霍知舟,“……”神他媽不是好人!他哪裏長得不像好人了?
三人路過一家小型超市,霍知舟想來想去還是決定讨好一下未來小舅子,不一會兒就蹿了進去,再出來時,他手裏提着的那兩個大袋子裏各色各樣的零食應接不暇。
他快跑幾步跟上了兩人,清了清嗓子,用着他并不熟悉的口吻,帶着幾分讨好的意味,“咳咳……喂……小子,吃糖。”
他胡亂抓了一把,都塞到了對面男孩的手裏。
男孩蹙眉,嫌棄地開口,“我才不吃糖。
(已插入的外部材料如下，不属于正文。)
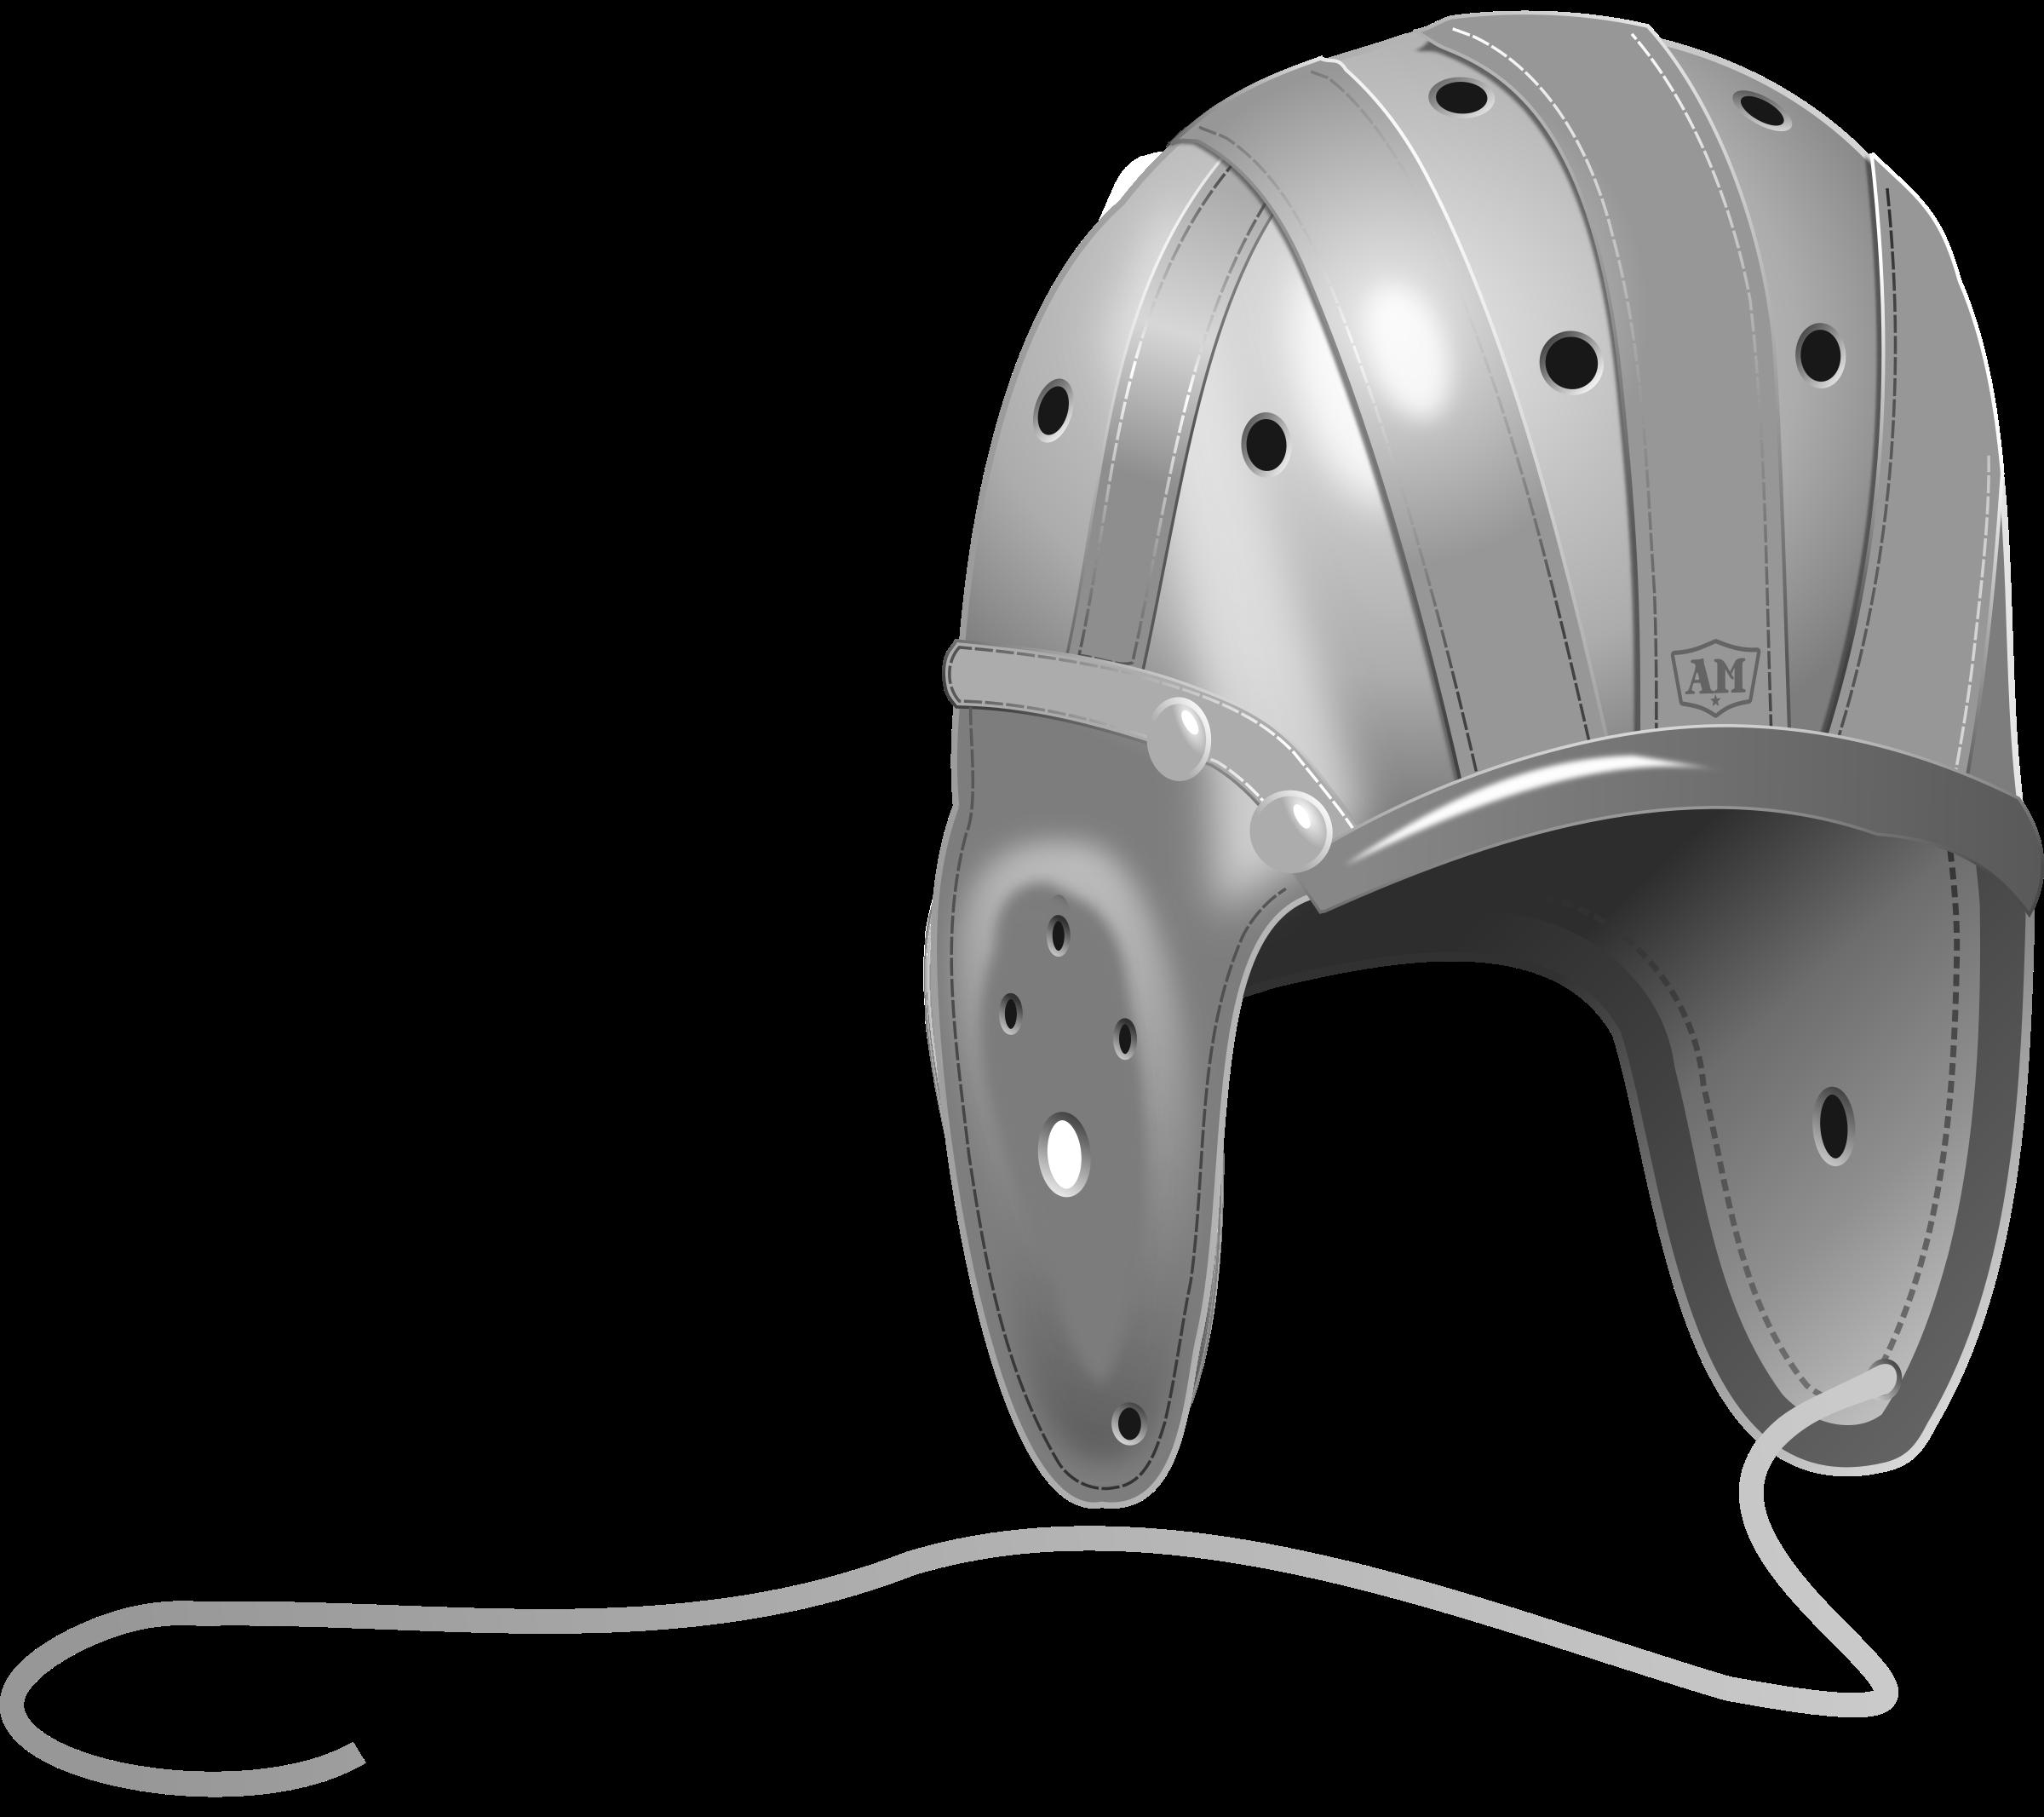 Helmet clipart motorbike helmet. S leather football big

”
霍知舟,“……”歷史啊,你總是驚人的相似啊。
這兩人不愧是姐弟,不喜歡吃的東西都一樣。
他也不氣惱,獻寶似地将手中的兩大袋零食舉過腰際,“沒關系,不喜歡吃糖還有別的選擇,你喜歡吃什麽直接過來拿吧。”
岳童很是奇怪,歪着頭從下至上窺伺着自家的姐姐,右手輕微用力,扯了扯岳黎的袖口,她因着他的動作躬身向下,湊近了他,他壓低聲音在岳黎旁邊耳語,“姐,他為什麽要給我買這麽多吃的?”
岳黎瞥了霍知舟一眼,輕笑回應,“可能他有病吧。”
岳童恍然大悟,瞪大雙眼,一瞬不瞬地打量着他。
霍知舟被男孩這樣的眼神,惡寒得渾身一抖。
為什麽他會有種男孩看的不是他,而是看精神病人的錯覺?
岳黎牽着岳童的手憋着笑意,看着岳童那一步一回頭的好奇樣兒,還真把霍知舟當成了精神病。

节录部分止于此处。